Secondary data was used for this report. The analyzed data was obtained from the World Bank as Health and Population.csv. Using excel the data was filtered to obtain the data on Papua New Guinea based on the six variables; Birth Rate, Death Rate, Unemployment Rate, Fertility Rate, Government Health Expenditure and Life Expectancy at Birth.
The new data is then imported into R using the code below:
#Importing the Papua New Guinea data into R as PNGData
PNGData <- read.csv(“C:/Users/user/Documents/HNP WB DATA/PNGSpecifiedData.csv”, header = T)
PNGData <- PNGData[,c(3,45:60)]
PNGData
To cater for the missing values, the analysis focused on the data from the years 2000 to the year 2015. This ensured a complete and continuous dataset that will be sufficient for providing reliable analysis.
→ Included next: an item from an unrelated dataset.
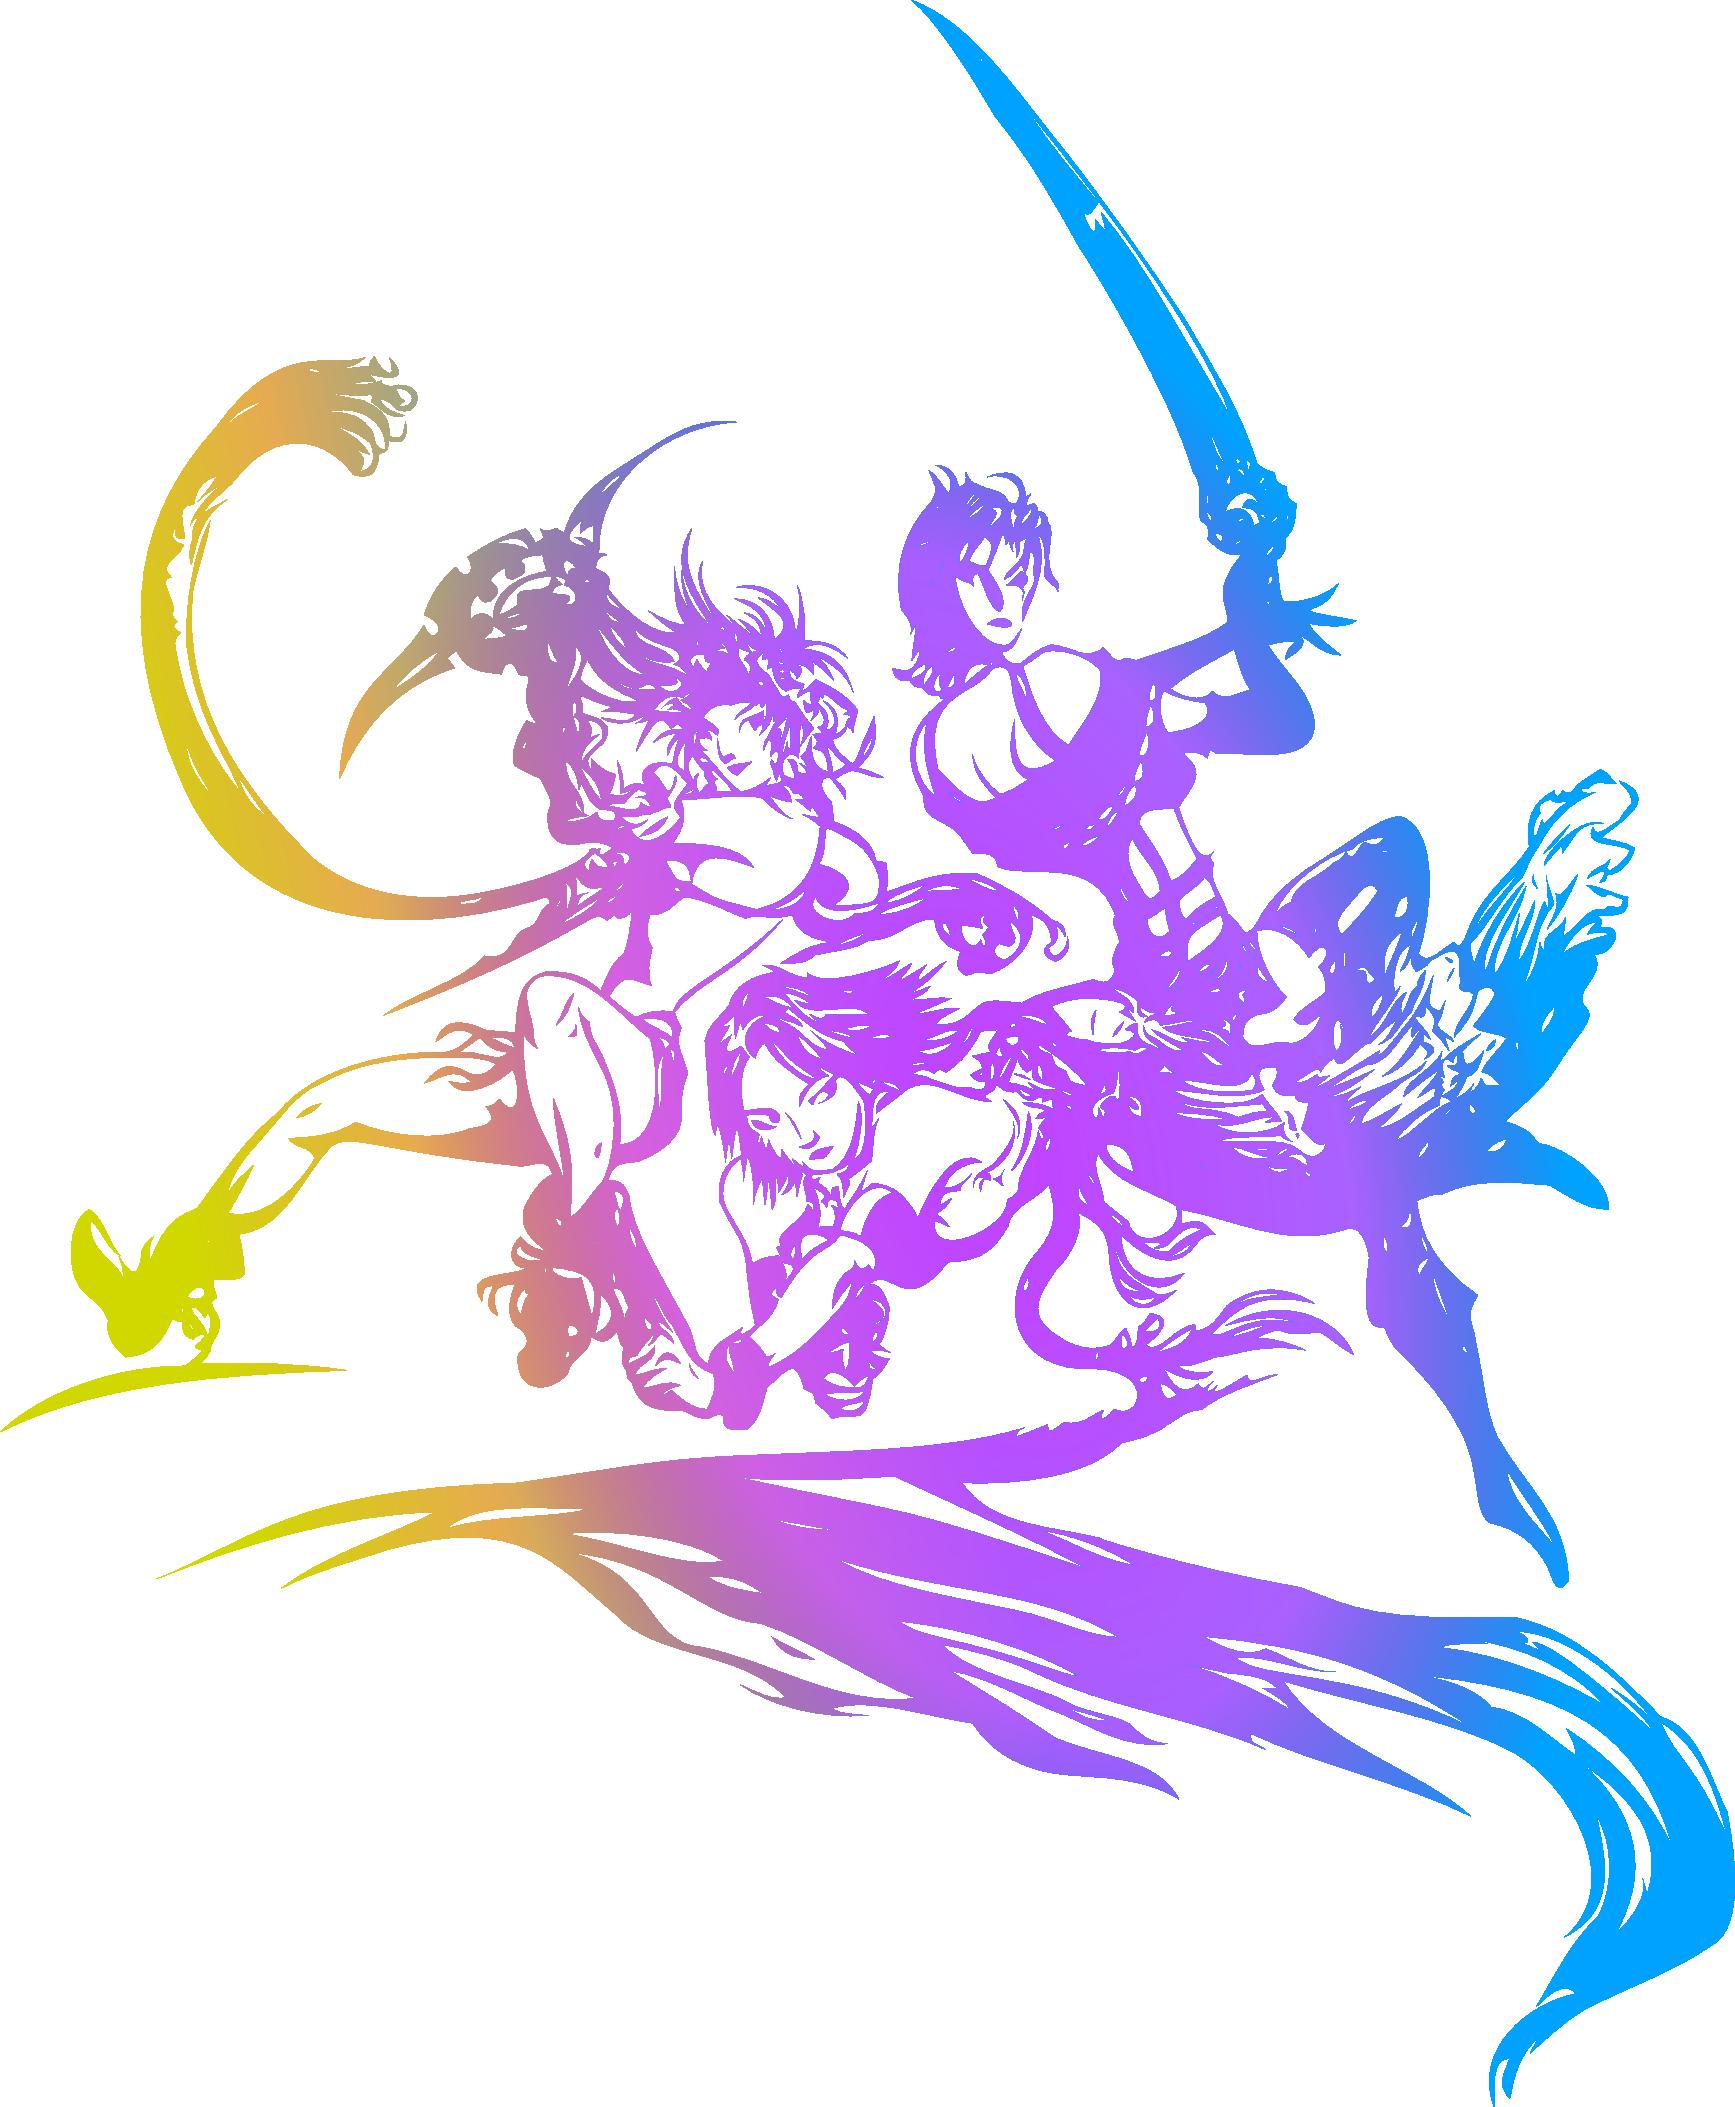 Final Fantasy X 2 Vector Logo By Eldi13 D48cl39 Png 1735 2107 Final Fantasy Logo Final Fantasy Tattoo Final Fantasy Artwork

The following code transposed the data to convert the variables into columns from rows:
#Intializing the Year, Birth Rate, Death Rate, Govt Health Expenditure, Fertility Rate,
#Life Expectancyat Birth and Unemployment as vectors
Year <- c(2000:2015)
Birth.Rate <- c(PNGData[1,])
Death.Rate <- c(PNGData[2,])
Govt.Health.Expenditure <- c(PNGData[3,])
Fertility.Rate <- c(PNGData[4,])
Life.Expectancy.At.Birth <- c(PNGData[5,])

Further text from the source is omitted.